Dear Reader:
After running some errands yesterday I got back home…plopped all the bags down and then plopped myself down too. I turned on the television and listened as a young author was being interviewed about his bestseller book titled: Deep Kindness.
Kraft, the author, was asking his interviewers if they considered kindness an important attribute in people…both interviewers nodded…he then asked if they thought kindness was free...once again the two interviewers nodded.
Kraft persisted…”Free in the sense that you can decide when to give kindness to someone or free to dig a little deeper and give kindness when it is not convenient for you?”
Most people consider the word Kindness as one of those nice abstract picture words that doesn’t need a definition…it is more of a feeling type word.

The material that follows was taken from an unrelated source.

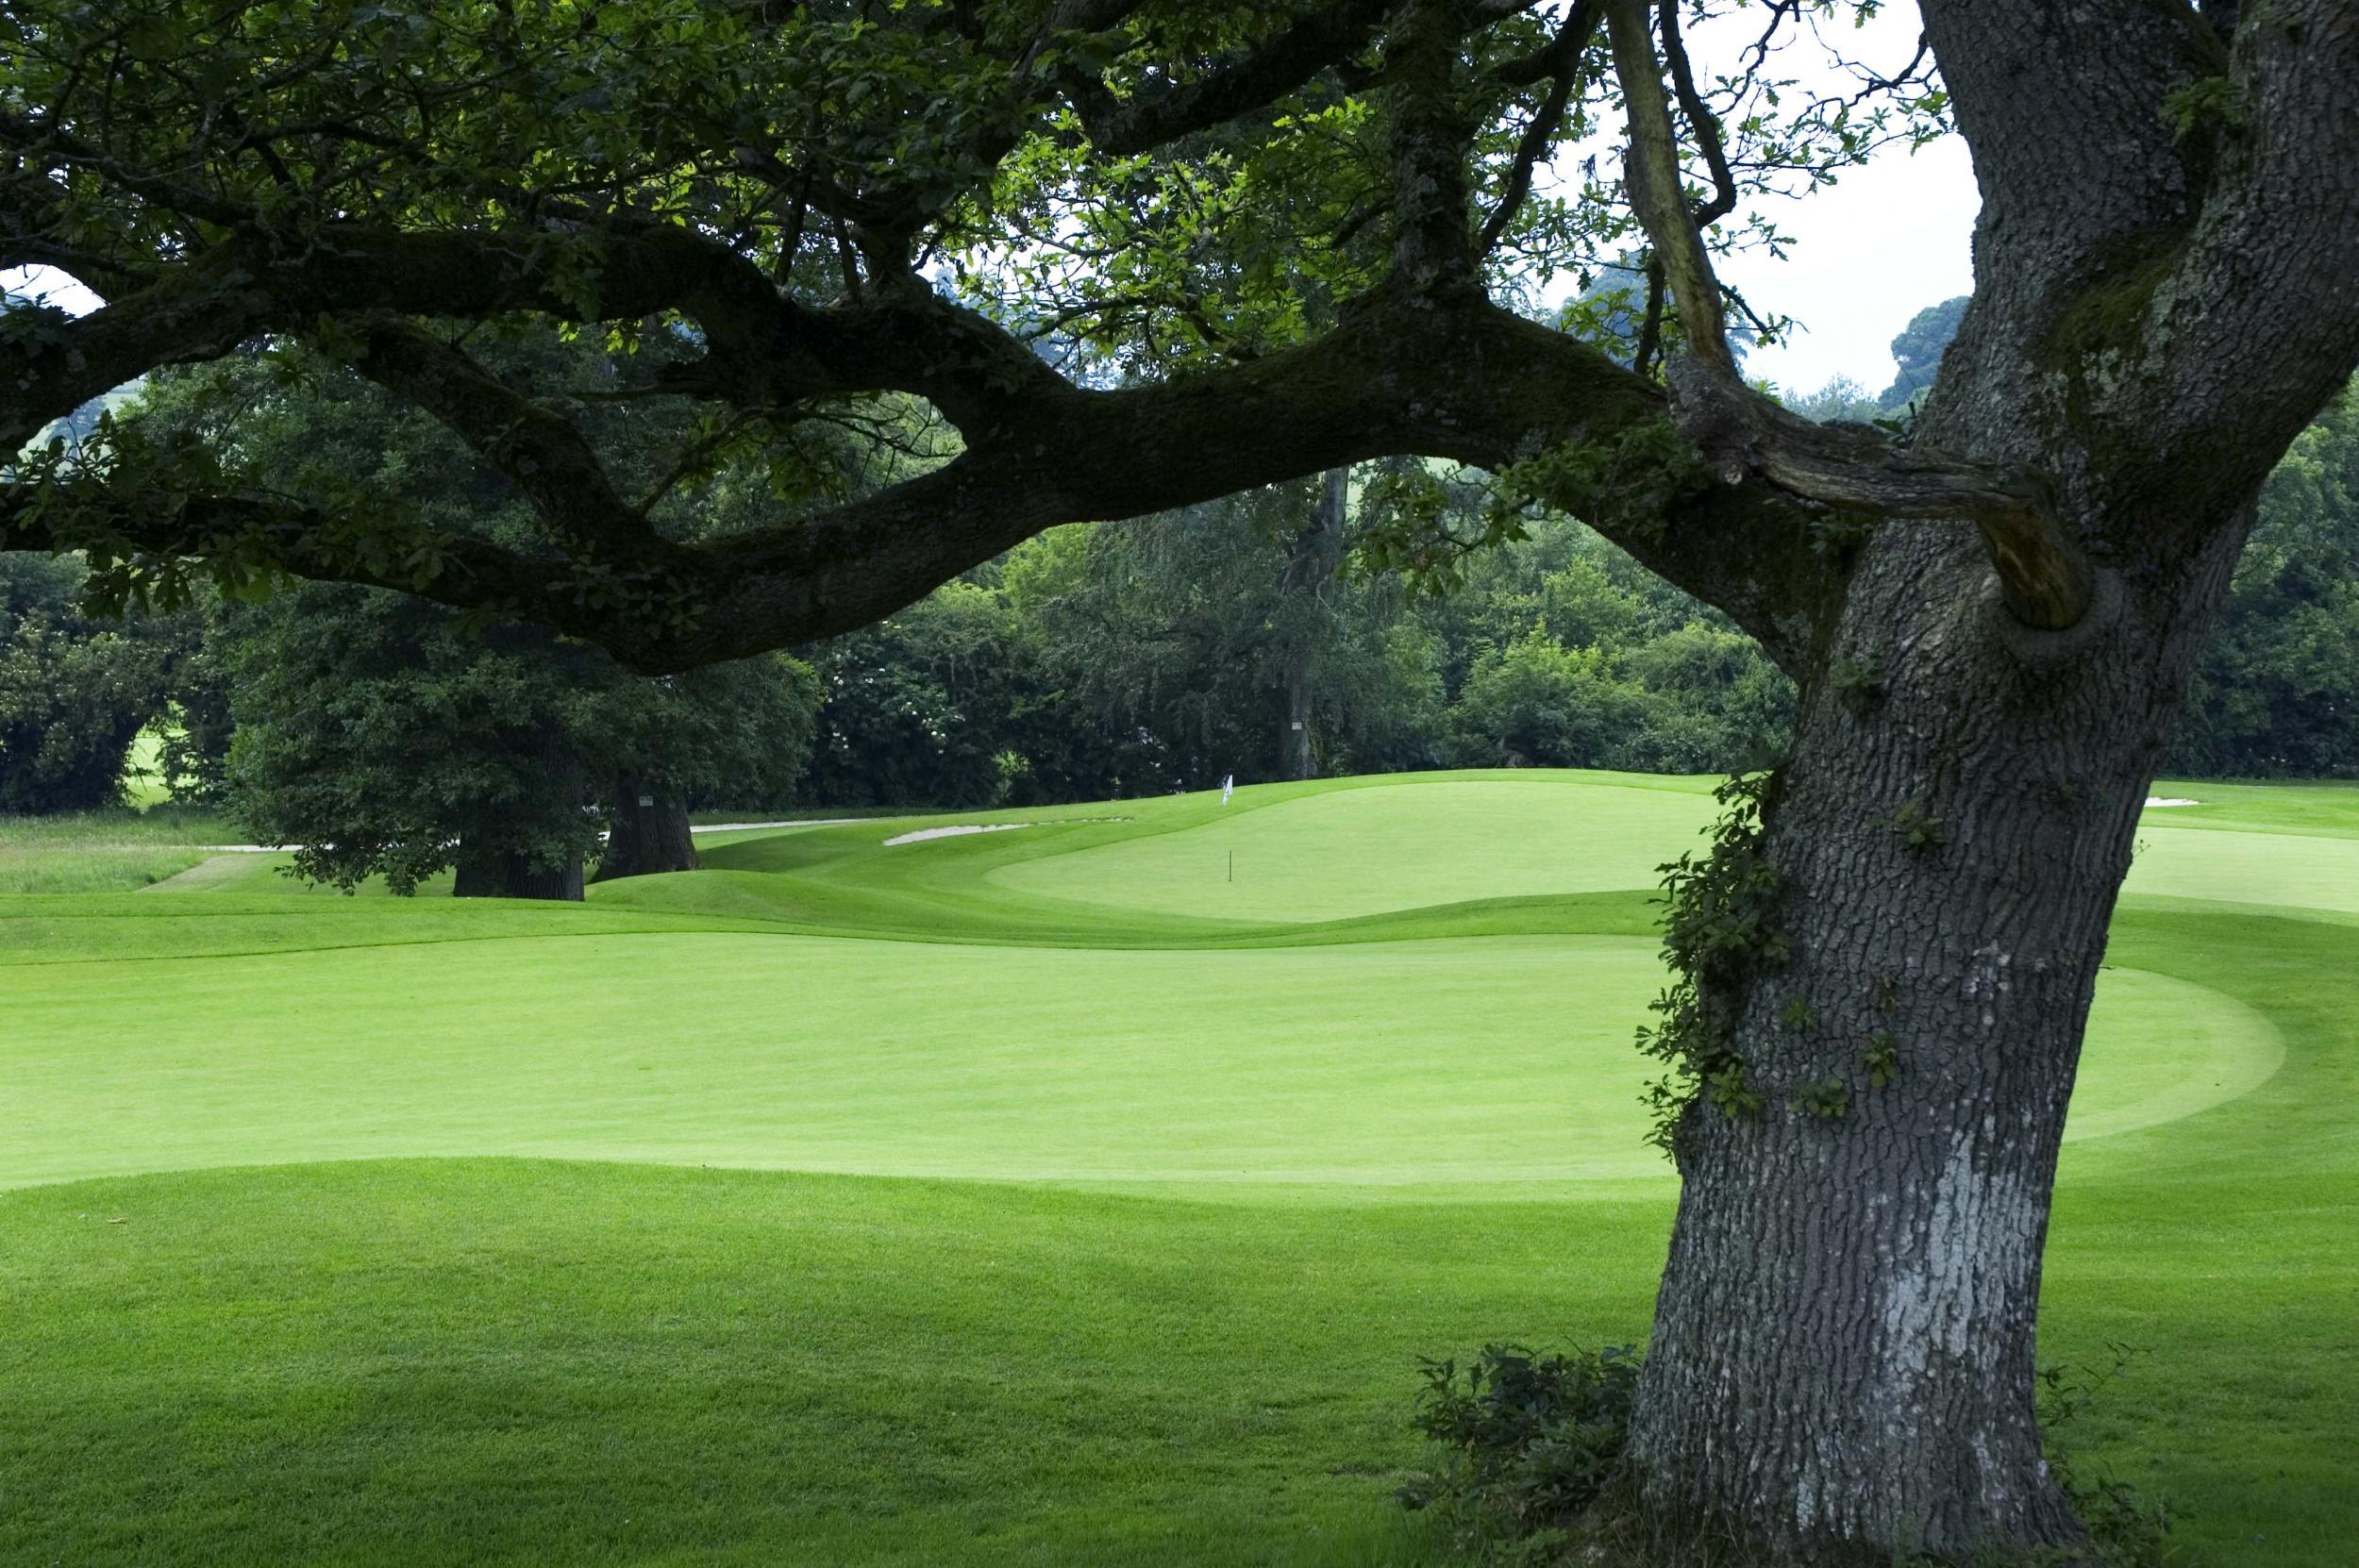 Enjoy some of Ireland’s best bunkering with 270 acres of parkland to play in

“Practicing kindness is an essential step in helping to repair a world that has grown to be more divisive, lonely, and anxious than ever. But with quotes like, “Just be kind” or, “Throw kindness around like confetti,” we’ve oversimplified what it takes to actually demonstrate kindness in a world crying out for it. “
At one seminar where Kraft was speaking ….a woman came up to him afterwards and told him her story about kindness…or lack of its depth when it wasn’t convenient to be kind. She was on a plane heading home to earlier sudden news that her father was dying and wanted to see her…by the time her plane landed…she could feel herself slowly falling apart.
She had a two hour lay-over before the next plane…while sitting there she got the call she had dreaded…her father had just passed. She began sobbing uncontrollably sitting on a bench in a crowded airport watching thousands of people walk by her.
Most looked uncomfortable when they saw or heard her weeping…some purposefully looked away….but out of those thousands rushing past her to get to their next plane or location…no one stopped to ask about her or comfort her or even hand her a tissue.
This took Houston Kraft back to his purpose in writing the book…we all like to think we are kind people…when it is convenient to be so…but what about those times when being kind means sacrificing your missing a plane or connection…what is the true depth of our kindness?
It starts with modeling kindness for our children. Just small changes can bring about different perspectives on kindness in our own family rituals. For example:
Instead of asking the family at supper…”How was everyone’s day?” ….what if the daily question was ” What did you do to be kind and help someone else today?”
Kraft shared the story of the woman at the airport with a later audience and ended with the St. Francis of Assisi title quote:
“The deeds you do may be the only sermon some persons hear today.”
Think about it…if just one person had slowed down long enough to ask the woman if she needed help or would like someone to talk to…or even give her tissue….her story could have been about the true goodness in people.
How the person who stopped to listen to her plight…had also asked about her father, gotten her to share a funny story about him…what a difference the word kindness would have meant to her from that point on. Then, hopefully, she would have paid it forward to someone else who needed a kind soul to listen.
Don’t we always hope our children understand the importance of being kind…but unless we are explicit in our own expectations of kindness as a priority it probably falls short.
Kraft gave this example:
A group of parents were asked if given the following three choices…which would be the top priority they would want their children to take with them into the world.
Being successful, being kind, being happy.
Most parents answered with being kind and happy….but later when their older children were asked which of these priorities they thought their parents chose for them…all answered “being successful.”
In other words…there is a lack of communication in prioritizing the important qualities in life between parents and their children. What we model, ourselves, is what they will model one day…not our words..but our actions.
To show the greatest depth in kindness…is to be mis-treated but then turn around and be kind to someone else the way you wished you had been.
So until tomorrow….
“Today is my favorite day” Winnie the Pooh
Whenever I go to plant something new in my garden…I must remember it is an act of kindness…sharing beauty with the world.
Beautiful & vitally important message today for all of us. “Kindness”— selfless acts of love
Thank you Becky!
How important it is today to be kind to others even in this divided political nation we live in…when voting I look for the man who continues to offer kindness in spite of how he has been treated….dignity…a word we need to see and emulate.
This hit home today because yrs ago after I got married I wrote a poem for my Mother and then I had Mrs. Cauthen make it into a cross stitch graft that I used to cross stitch it and then paid to have it framed professionally. I gave it to Mother as a gift and she had it until she passed on her wall wherever her home was at the time. One of the lines said…”My Mother always taught me to see the needs of others and to care, really care”…now it hangs on my wall and one day it will go to Emmie. There was never a family gathering that we did not have an extra plate or two …even the two facilities she stayed in she always found the one or two who had no a family and brought them home with her…one year Joe came and even spent the night at Christmas with us…some of the family had no clue who he was until they arrived for Christmas dinner that day…loved her for always caring …especially for those who were often overlooked.
What a special, adorable mom you were blessed with Gin-g….and believe me…the acorn doesn’t fall far from the oak…you are one of the most giving people I know. She was the role model for all of you and what an amazing mentor she was!